Andy Green, chief prevaricator of the Happy Family of the Flying U--and not ashamed of either title or connection--pushed his new Stetson back off his untanned forehead, attempted to negotiate the narrow passage into a Pullman sleeper with his suitcase swinging from his right hand, and butted into a woman who was just emerging from the dressingroom. He butted into her so emphatically that he was compelled to swing his left arm out very quickly, or see her go headlong into the window opposite; for a fullsized suitcase propelled forward by a muscular young man may prove a very efficient instrument of disaster, especially if it catches one just in the hollow back of the knee. The woman tottered and grasped Andy convulsively to save herself a fall, and so they stood blocking the passage until the porter arrived and took the suitcase from Andy with a tip-inviting deference.
Andy apologized profusely, with a quaint, cowpunchery phrasing that caused the woman to take a second look at him.
And, since Andy Green would look good to any woman capable of recognizing--and appreciating--a real man when she saw him, she smiled and said it didn't matter in the least.
That was the beginning of the acquaintance. Andy took her by her plump, chiffon-veiled arm and piloted her to her seat, and he afterward tipped the porter generously and had his own belongings deposited in the section across the aisle. Then, with the guile of a foreign diplomat, he betook himself to the smoking-room and stayed there for three quarters of an hour. He was not taking any particular risk of losing the opportunity of an unusually pleasant journey, for the dollar he had invested in the goodwill of the porter had yielded the information that the lady was going through to Great Falls.
Since Andy had boarded the train at Harlem there was plenty of time to kill between there and Dry Lake, which was his destination.
The lady smiled at him rememberingly when finally he seated himself across the aisle from her, and without any serious motive Andy smiled back. So presently they were exchanging remarks about the journey. Later on, Andy went over and sat beside her and conversation began in earnest. Her name, it transpired, was Florence Grace Hallman. Andy read it engraved upon a card which added the information that she was engaged in the real estate business--or so the three or four words implied. "Homemakers' Syndicate, Minneapolis and St. Paul," said the card. Andy was visibly impressed thereby.
He looked at her with swift appraisement and decided that she was "all to the good."
Florence Grace Hallman was tall and daintily muscular as to figure.

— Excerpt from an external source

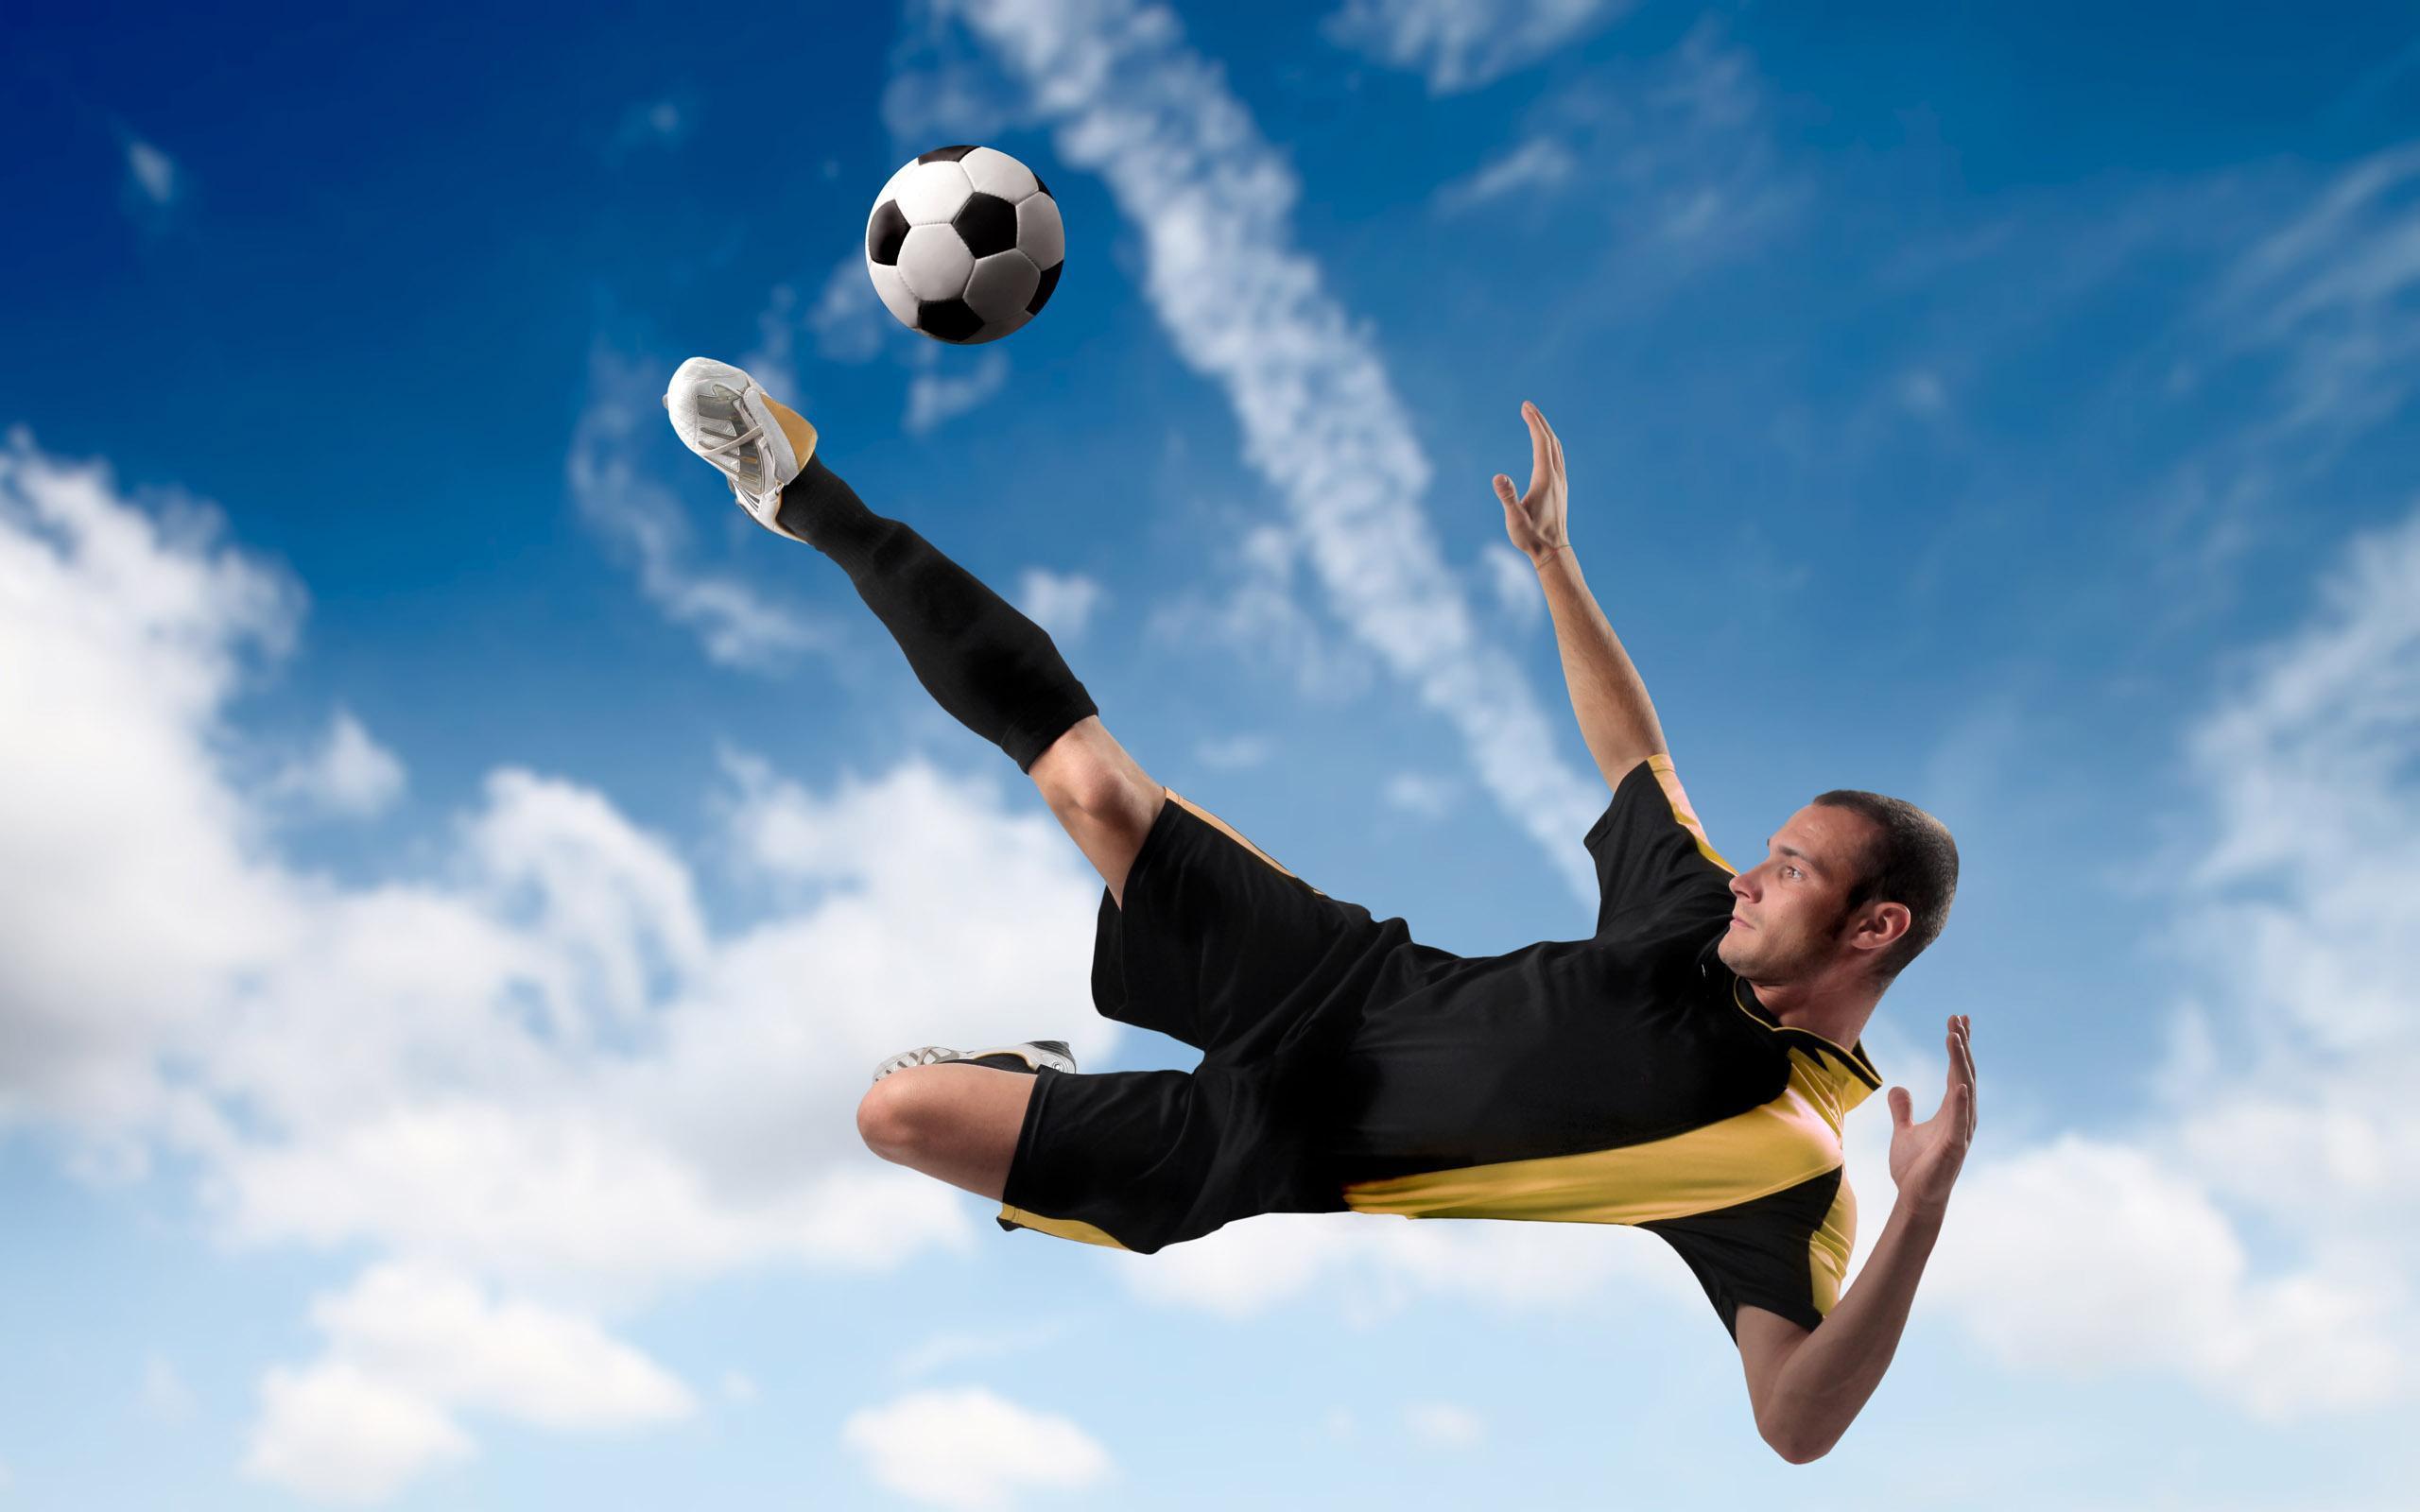 Где можно поиграть в футбол в Санкт-Петербурге?

Her hair was a light yellow--not quite the shade which peroxide gives, and therefore probably natural. Her eyes were brown, a shade too close together but cool and calm and calculating in their gaze, and her eyebrows slanted upward a bit at the outer ends and were as heavy as beauty permitted. Her lips were very red, and her chin was very firm. She looked the successful business woman to her fingertips, and she was eminently attractive for a woman of that self-assured type.
Andy was attractive also, in a purely Western way.
His gray eyes were deceivingly candid and his voice was pleasant with a little, humorous drawl that matched well the quirk of his lips when he talked. He was headed for home--which was the Flying U--sober and sunny and with enough money to see him through.
He told Florence Hallman his name, and said that he lived "up the road a ways" without being too definite.
Florence Hallman lived in Minneapolis, she said; though she traveled most of the time, in the interests of her firm.
Yes, she liked the real estate business. One had a chance to see the world, and keep in touch with people and things. She liked the West especially well. Since her firm had taken up the homeseekers' line she spent most of her time in the West.
They had supper--she called it dinner, Andy observed--together, and Andy Green paid the check, which was not so small. It was after that, when they became more confidential, that Florence Hallman, with the egotism of the successful person who believes herself or himself to be of keen interest to the listener spoke in greater detail of her present mission.
Her firm's policy was, she said, to locate a large tract of government land somewhere, and then organize a homeseekers' colony, and settle the land-hungry upon the tract--at so much per hunger. She thought it a great scheme for both sides of the transaction. The men who wanted claims got them. The firm got the fee for showing them the land--and certain other perquisites at which she merely hinted.
She thought that Andy himself would be a success at the business. She was quick to form her opinions of people whom she met, and she knew that Andy was just the man for such work. Andy, listening with his candid, gray eyes straying often to her face and dwelling there, modestly failed to agree with her. He did not know the first thing about the real estate business, he confessed, nor very much about ranching. Oh, yes--he lived in this country, and he knew THAT pretty well, but--"The point is right here," said Florence Grace Hallman, laying her pink fingertips upon his arm and glancing behind her to make sure that they were practically alone--their immediate neighbors being still in the diner. "I'm speaking merely upon impulse--which isn't a wise thing to do, ordinarily. But--well, your eyes vouch for you, Mr. Green, and we women are bound to act impulsively sometimes--or we wouldn't be women, would we?" She laughed--rather, she gave a little, infectious giggle, and took away her fingers, to the regret of Andy who liked the feel of them on his forearm.